In this, you sense a person alive to the world — bristling, open, delighting in risk-taking. You can almost hear the gears in her brain clicking with glee on the realisation that Bieber and Buber are the alternative spellings of the same German surname. As she says in her footnote: “Who am I to ignore these hints from the universe?”

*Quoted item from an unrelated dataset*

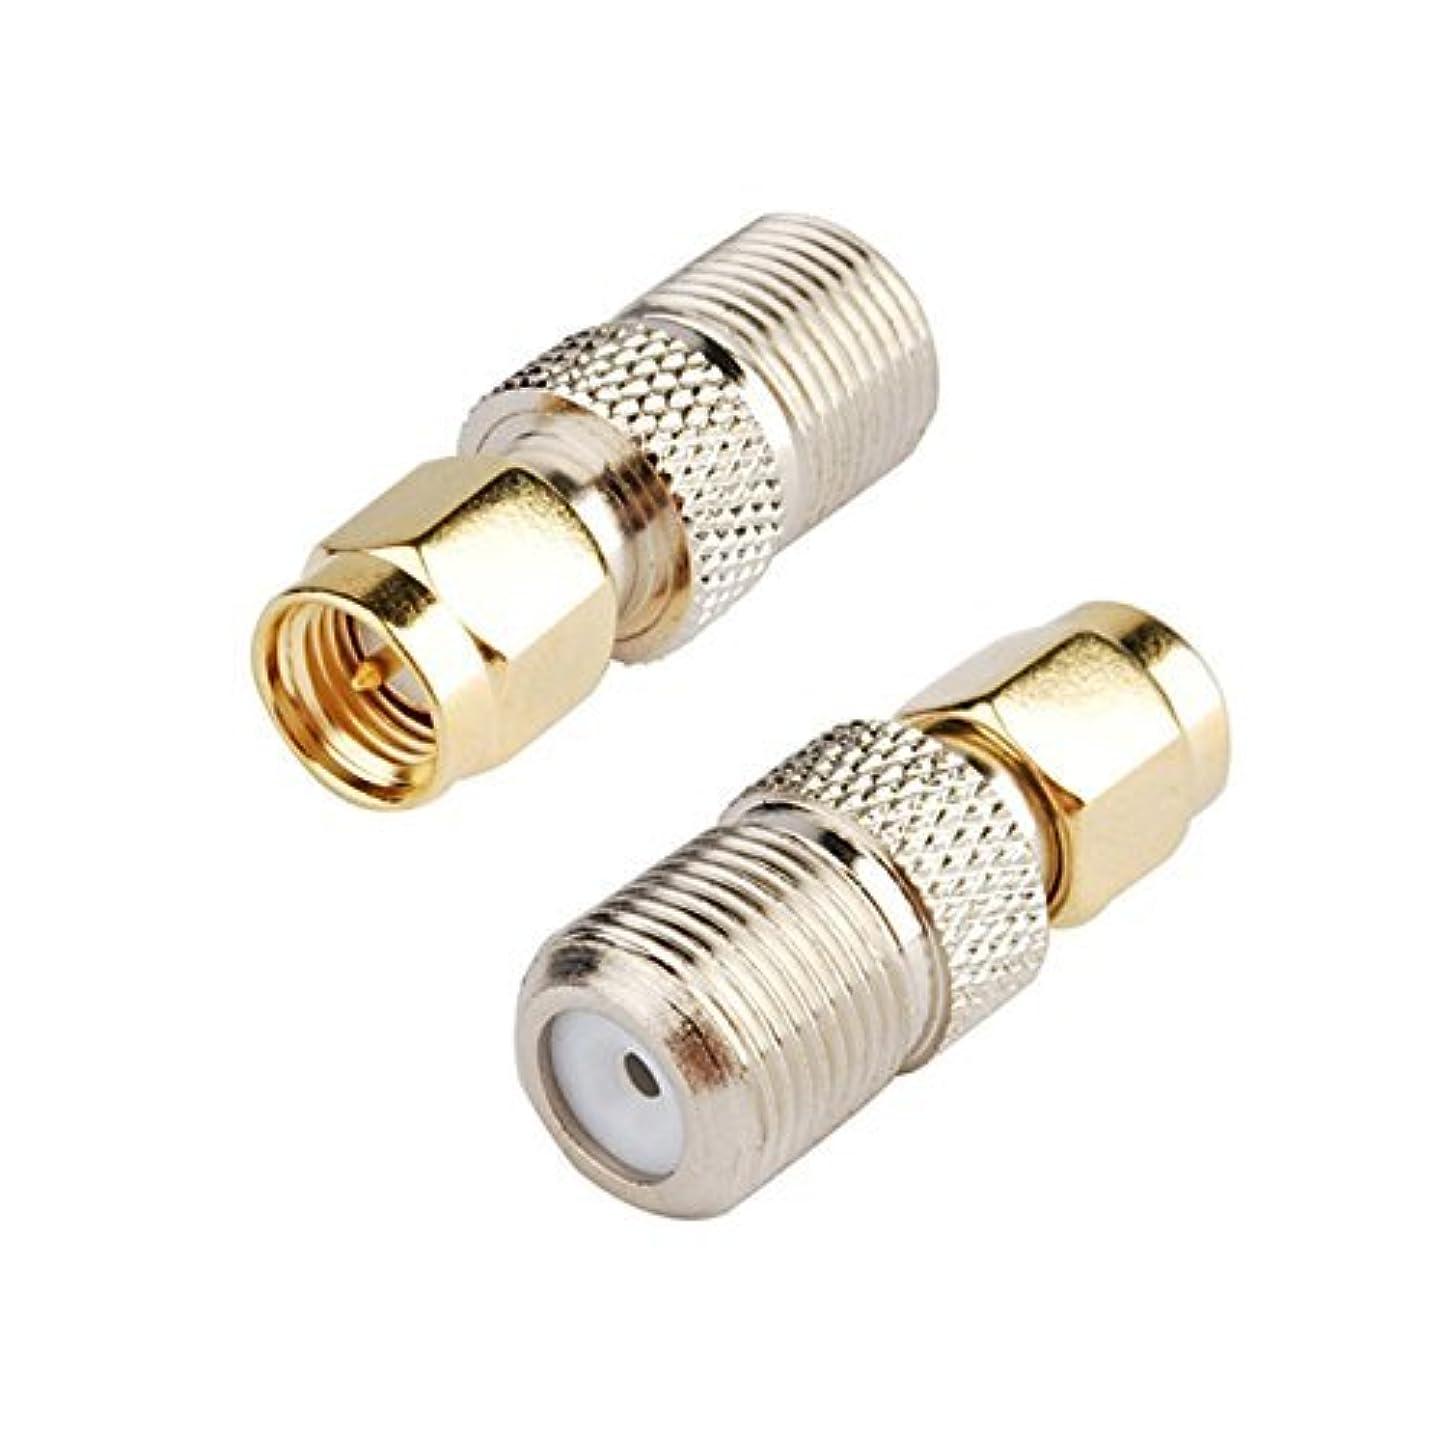 きゅうり世辞スプーン2pcs DHT Electronics RF coaxial coax adapter SMA male to F female [並行輸入品]
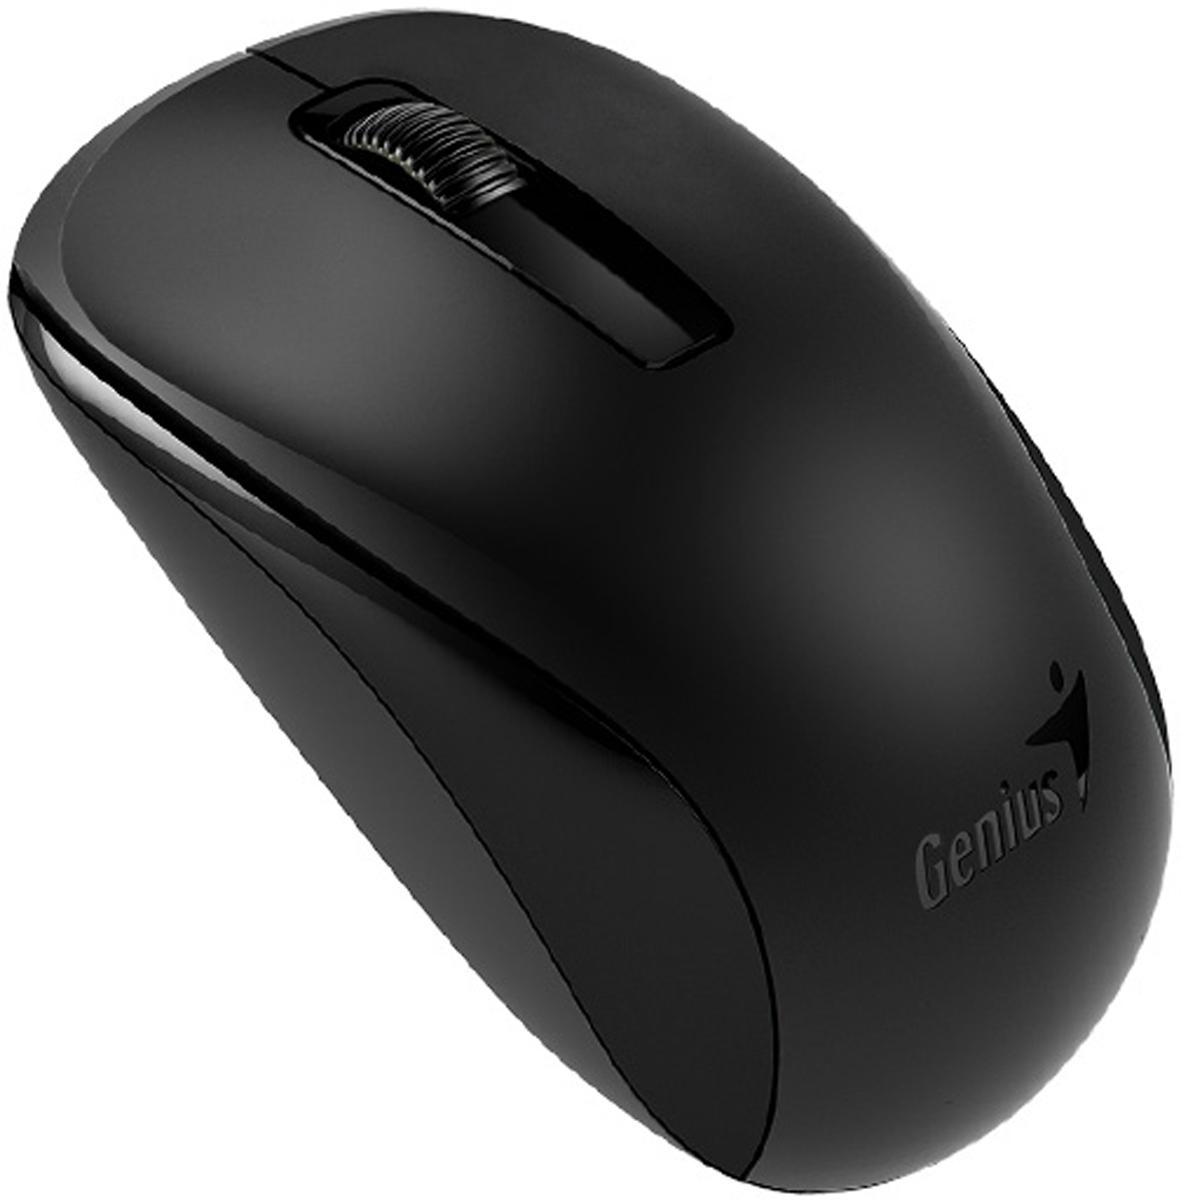 Genius NX-7005, Black мышь беспроводная31030127101Мышь Genius NX-7005 подходит как для правой, так и для левой руки.Благодаря четкой форме легко лежит как в правой, так и в левой руке и обеспечивает максимальное удобство на протяжении всего дня.Благодаря технологии BlueEye с разрешением 1200 dpi мышь NX-7005 обеспечивает великолепную точность и работу практически на любом покрытии: на запыленном стекле или мраморе, на диване и даже на ковре.Приемник NX-7005 можно использовать с другими беспроводными мышами Genius для дополнительной мобильности. Не придется беспокоиться, если приемник от этой беспроводной серии Genius потеряется.Во время поездки можно хранить приемник под днищем мыши.

It’s this earnestness matched with the capacious wide-angled view with which Smith sees the world, despite all the crumbling, that propels her curiosity. Who else has the audacity to compare Prince to Keats, Michael Jackson to Byron? Who else is going to jump from The Polar Express to Schopenhauer’s On the Suffering of the World ? Multiculturalism, which has been Smith’s great project since White Teeth , are central to these essays. Enshrined in them is the glory of cultural hotchpotchness — the pop, the profound and the Prozac, all snuggled up together.

 

 

These essays were written during the Obama years, and the multicultural dream Smith writes of has since been fairly shredded. Rather than point fingers at other peoples’ narrowness though, she points first to herself. Here is Zadie walking around a record shop in Canada, depressed by her ignorance. Here is Zadie at a dinner party seated next to a woman who has children and knows a lot about novels and French wine and Renaissance painters and The English Civil War, and she thinks, Where does she find the time? Here is Zadie with her best friend Sarah — their kids running crazily around the house while they get slowly pissed on a bottle of white wine, falling through an Alice in Wonderland looking glass–type “retrospective swirl” about her own mother and what her concerns might have been. Because now she has become that woman who, when the kids get on her nerves, goes silent and stares at a wall because she just can’t take one more second of it.

It’s a truthfulness and vulnerability writers rarely reveal. Which is why, although I would like to extend a deep and gracious bow to Ms Smith, I offer only a casual genuflection, because, as she has so wisely said: “The worst possible thing for an artist is to exist as a feature of somebody else’s epiphany.”